Maria Eagle (Garston and Halewood) (Lab):
“Inexcusable police behaviour continued on that day. Police refused to allow ambulances that might have saved lives into the ground because they were treating it like a riot, not a disaster. They treated families who arrived on the scene to look for missing relatives as if they were criminals. They blood-tested the dead for alcohol—even children—but there was worse to come. South Yorkshire police briefed The Sun that the victims had caused the crush and that fans who merely sought to assist the injured and dying were stealing from them and urinating on them—vile and untrue smears that heaped appalling distress on top of unbearable sudden bereavement. It is about time we knew who gave those stories to The Sun and I join the families today in calling on News International to tell us.”
Bill Esterson (Sefton Central) (Lab):
“Why did The Sun vilify the dead and show them and their families such disrespect?”

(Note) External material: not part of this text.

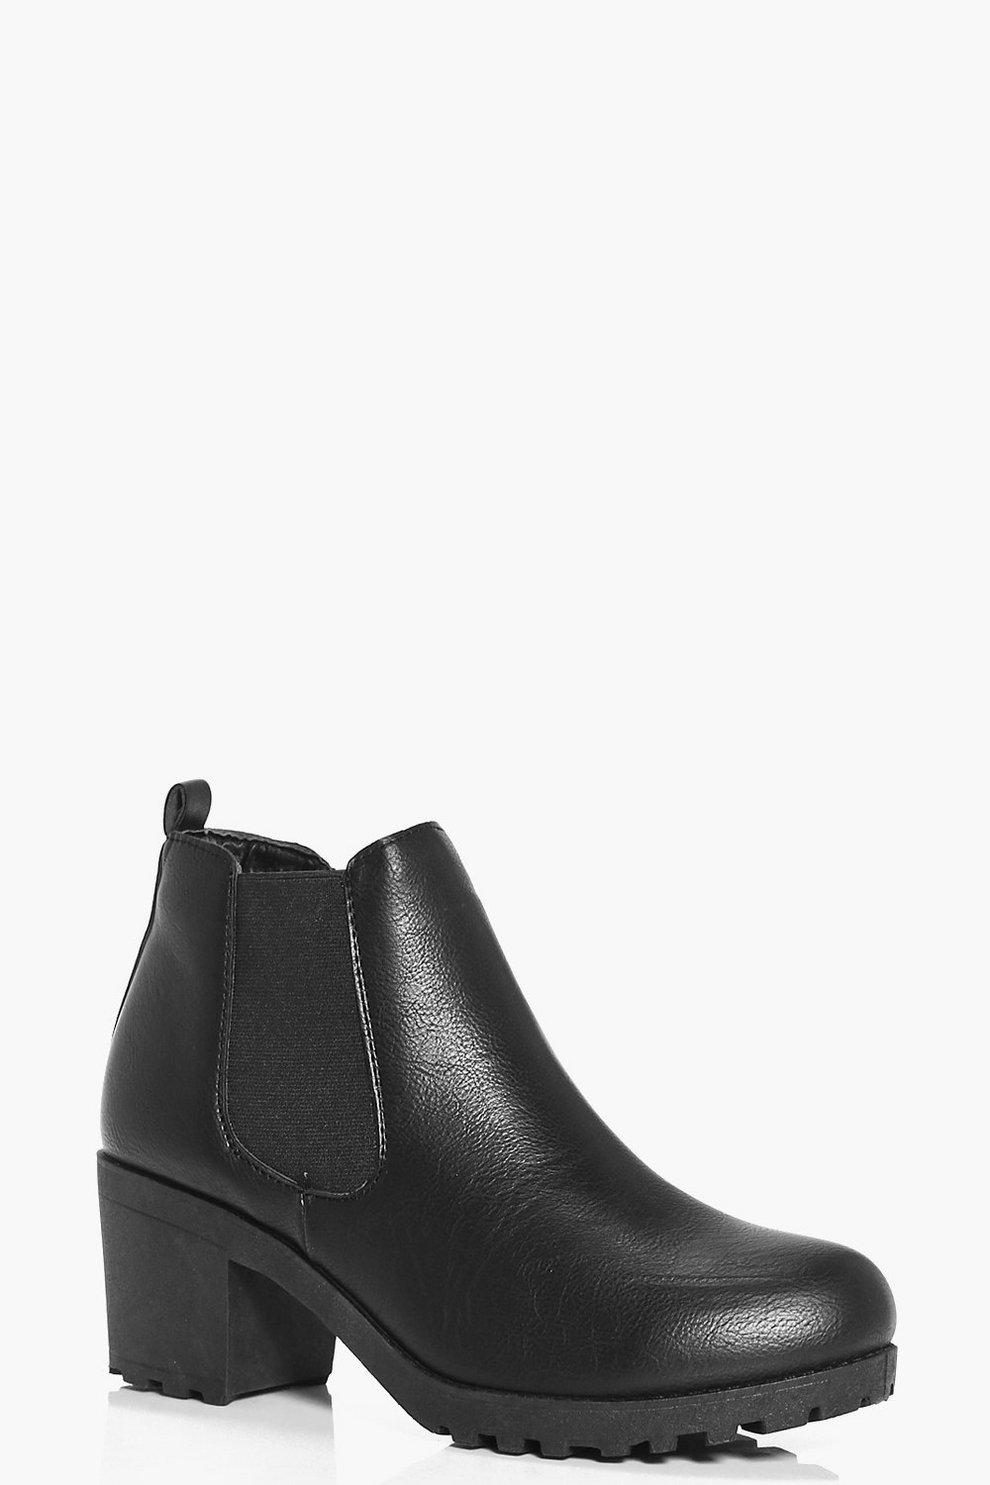 7c00957b1b2 Lois Chunky Cleated Heel Chelsea Boot

Angela Smith (Penistone and Stocksbridge) (Lab):
“The lack of rigour at the original inquest, coupled with the appalling attack on Liverpool fans by The Sun, means that the appalling loss suffered that day has been made immeasurably more difficult to deal with for the families of those who died. It is little to be wondered at that so many members of the families affected are here today, for they feel that justice has not been done, in the sense that those responsible for what happened that day have still not been held to account. That is why we must have full and unredacted disclosure of all the documents held by the Government relating to the tragedy. We must know what briefings were prepared and delivered to Margaret Thatcher and her Government at that time, and we must know precisely who briefed The Sun with information that was not only grossly inaccurate and untrue but deeply damaging and offensive to the families of the 96 who died.”
Mr Frank Field (Birkenhead) (Lab):
“The families I represent in Birkenhead, and those represented by other Members who have spoken today, have been denied that closure by two indescribable acts of horror that have been inflicted upon them. The first act was the press campaign. To have to cope with members of one’s family going off to a football match and coming back from the undertakers is an event that most of us—thank God—will never have to deal with. Trying to grapple with the immensity of what has happened to one’s family while constantly having to read attacks in the press almost on them, and certainly on their mates and more widely on their mates in the football club, is an unspeakable horror.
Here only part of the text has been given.